**Task requirements:** Your job is to print, exactly, the lines in the data below from the line with "Lego Characters Enjoying" through the line with "Open magazine showing", both included, and to omit any picture.

**Given information:**
......

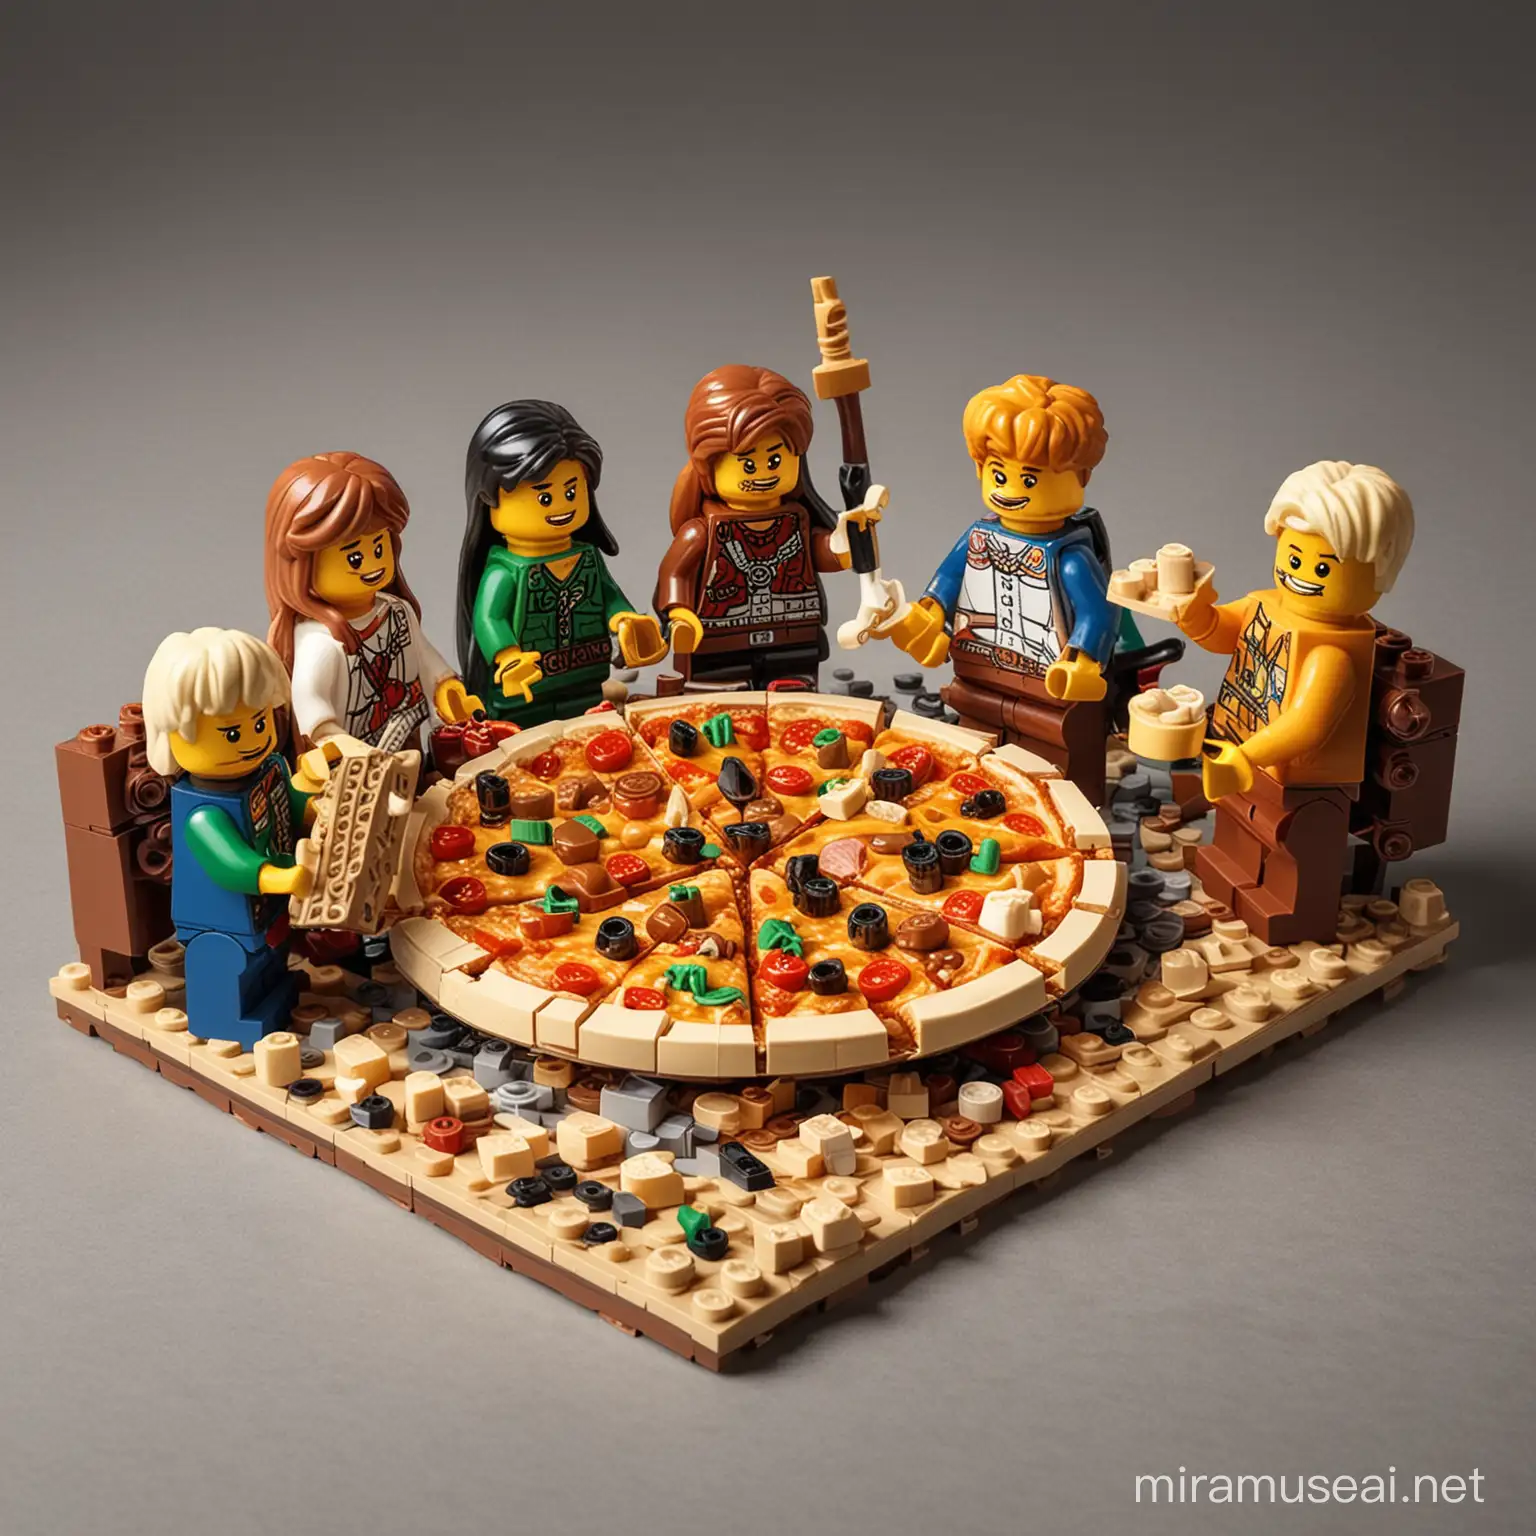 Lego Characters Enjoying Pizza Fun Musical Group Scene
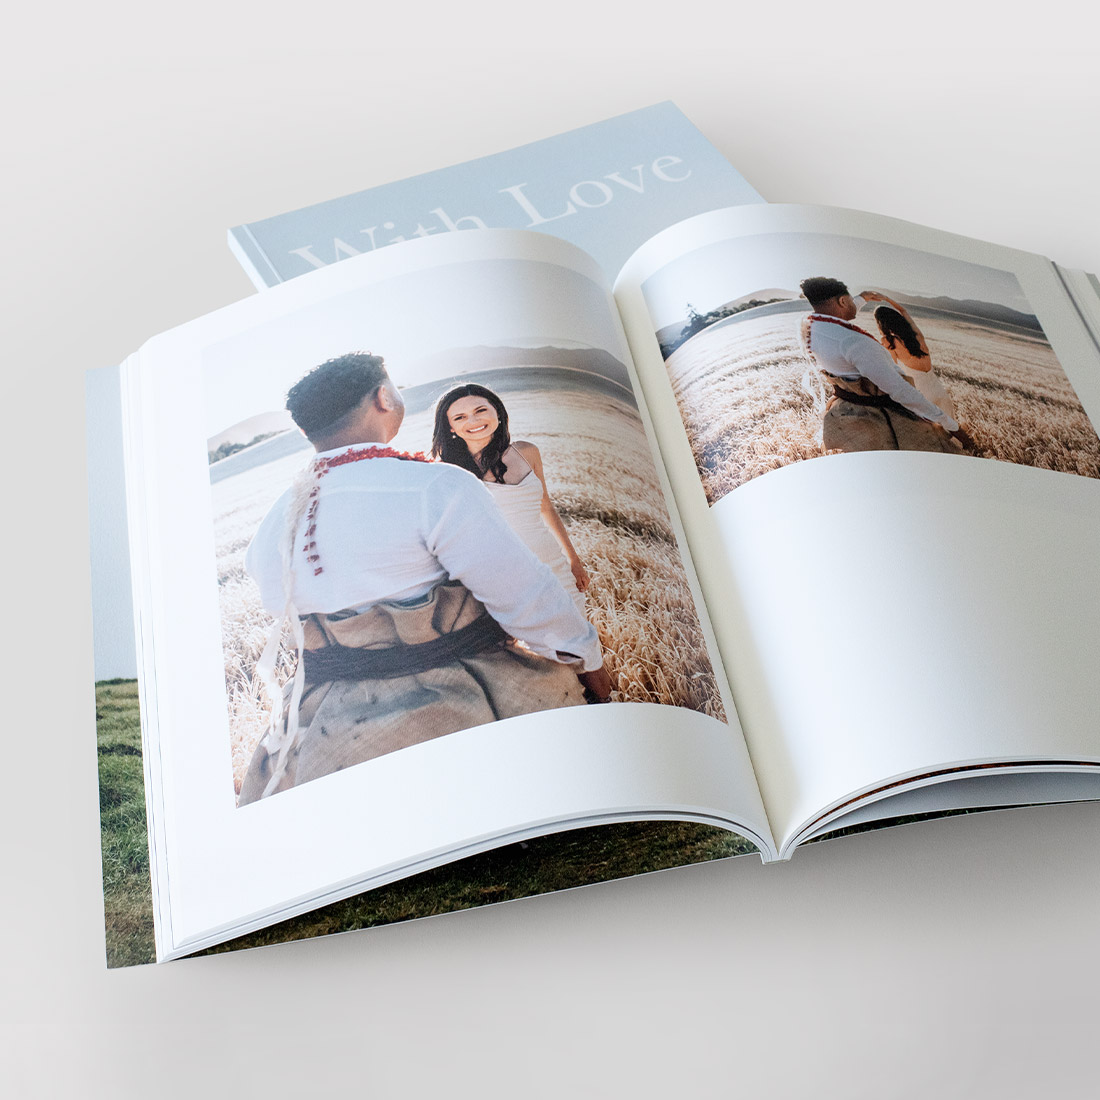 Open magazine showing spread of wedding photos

......

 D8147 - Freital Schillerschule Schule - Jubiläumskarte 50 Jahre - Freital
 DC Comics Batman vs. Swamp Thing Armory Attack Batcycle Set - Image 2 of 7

......

**Output of the task:**
 Lego Characters Enjoying Pizza Fun Musical Group Scene
 Open magazine showing spread of wedding photos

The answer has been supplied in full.